Debar Pond Lodge is in the town of Duane in Franklin County. It’s part of a proposed land swap between the state and the Debar Pond Institute. Justin A. Levine/Adirondack Daily Enterprise

A sensible solution has been found to the state’s problem of what to do with Debar Pond Lodge in Franklin County — and, thankfully, it doesn’t entail tearing the beloved structure down.

According to a Jan. 21 story published by the Adirondack Almanack, the state took ownership of the Debar Lodge in 1979 and possession of it in 2004. Listed on the National Register of Historic Places, the lodge is in the town of Duane.

Sadly, the structure and associated buildings have fallen into disrepair. This put the state in a bind about what should be done with the lodge. One proposal was to tear all the buildings down.

“Located on the shore of secluded Debar Pond in the Debar Wild Forest unit of the Adirondack Forest Preserve, the lodge and associated buildings were designed by leading Adirondack architect William Distin and represent an outstanding example of rustic log construction,” the article reported. “Although Debar has great potential for public educational programs and lodging, the state has been unable or unwilling to find legal and appropriate uses for the structures. Rather it has recently proposed to tear down the buildings and reclassify the land as an Intensive Use area for camping, boating and day use. Fortunately, there is a better solution — one that preserves and uses the historic buildings in the public interest and allows public recreational access to Debar Pond and the surrounding Forest Preserve. This can be done through an amendment to Article 14 of the state constitution, which otherwise might require buildings in the Forest Preserve to be removed and the land to become forever wild. Such amendments, which allow exceptions to Article 14, have been used many times in the past to achieve a valuable public purpose.

“The proposed amendment for Debar Lodge is a ‘land exchange’ amendment in which the state would convey the Debar building complex on a few acres of land to a nonprofit organization and, in return, the nonprofit organization would convey to the state a much larger and equally valuable parcel of land to become part of the Adirondack Forest Preserve. The property lines would be drawn and conditions built into the exchange that would [ensure] that Debar Lodge be operated for public purposes and that the public would still have recreational use of Debar Pond and the surrounding Forest Preserve.”

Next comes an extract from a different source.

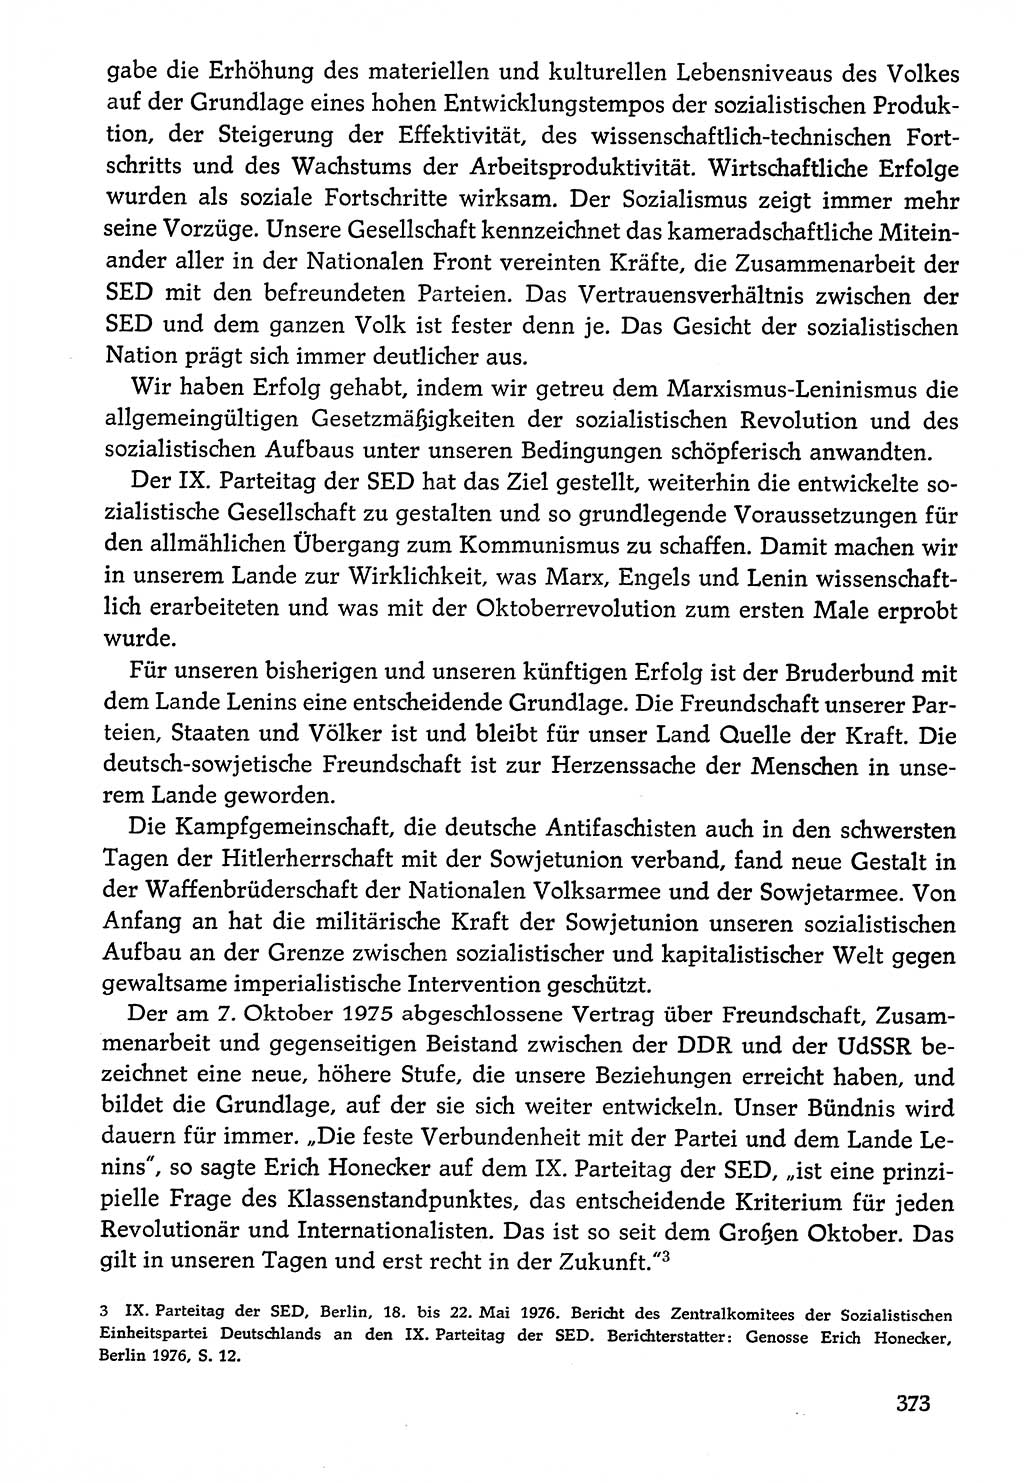 Dokumente der Sozialistischen Einheitspartei Deutschlands (SED) [Deutsche Demokratische Republik (DDR)] 1976-1977, Seite 373 (Dok. SED DDR 1976-1977, S. 373)

This all sounds reasonable. But the sticking point has long the state’s inability to identify a nonprofit organization with the experience and financial resources to carry out such a plan.

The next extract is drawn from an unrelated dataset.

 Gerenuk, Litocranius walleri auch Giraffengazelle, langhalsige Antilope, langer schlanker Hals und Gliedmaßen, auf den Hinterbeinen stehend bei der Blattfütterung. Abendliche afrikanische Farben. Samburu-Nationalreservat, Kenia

“Enter the Debar Pond Institute,” according to the story. “Motivated by the imminent threat of losing this valuable [historic] and architectural resource, a group of Adirondack citizens with a long and distinguished record in nonprofit administration, historic preservation, public lodging and business have formed a new, New York not-for-profit educational organization to preserve Debar Lodge and operate it in the public interest. Significantly, they have also received commitments from private sources for the funds needed to accomplish the land exchange and substantially rehabilitate and equip the lodge for public use.

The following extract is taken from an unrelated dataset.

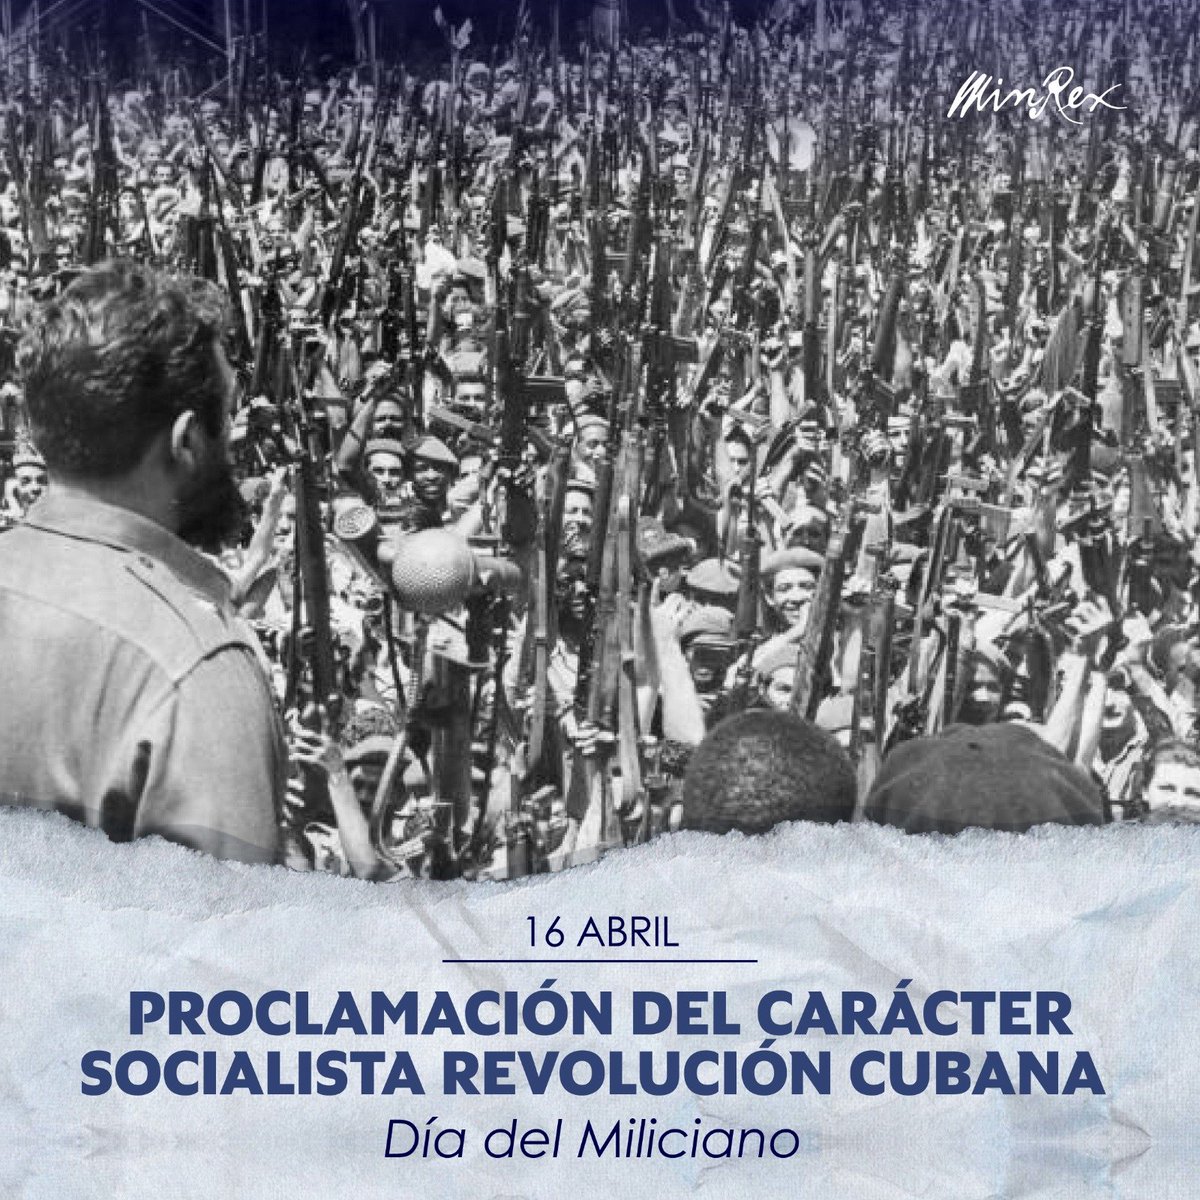 Hoy celebramos 63 años de la histórica proclama del carácter socialista de la Revolución Cubana🇨🇺. Recordamos con firmeza el compromiso del pueblo cubano en defender nuestras conquistas ante las constantes intromisiones del gobierno estadounidense. #GirónVictorioso

“More specifically, the Institute proposes that in return for receiving the Debar complex on 6 acres, it will convey at least 300 acres of land to the state for the Forest Preserve. It will agree to maintain the buildings according the Secretary of the Interior’s Standards for the Rehabilitation of Historic Buildings. And, consistent with its purpose ‘to preserve Debar Pond Lodge for the education, enjoyment and inspiration of present and future generations,’ it will operate a diverse program open to the public, including: educational programs including environmental and outdoor education, Adirondack history and historic preservation, veterans support and/or personal growth and development; public lodging and recreation; and public tours.”

This is a wonderful idea that will maintain Debar Pond Lodge and restore its facilities. The Debar Pond Institute would take over the responsibility of maintaining the buildings and designing programs for its use; this also will result in 300 acres of land being turned over to the state to become part of the Adirondack Forest Preserve. The Franklin County Board of Legislators voted Feb. 18 to support the proposal.; the Duane Town Board passed a similar measure last month.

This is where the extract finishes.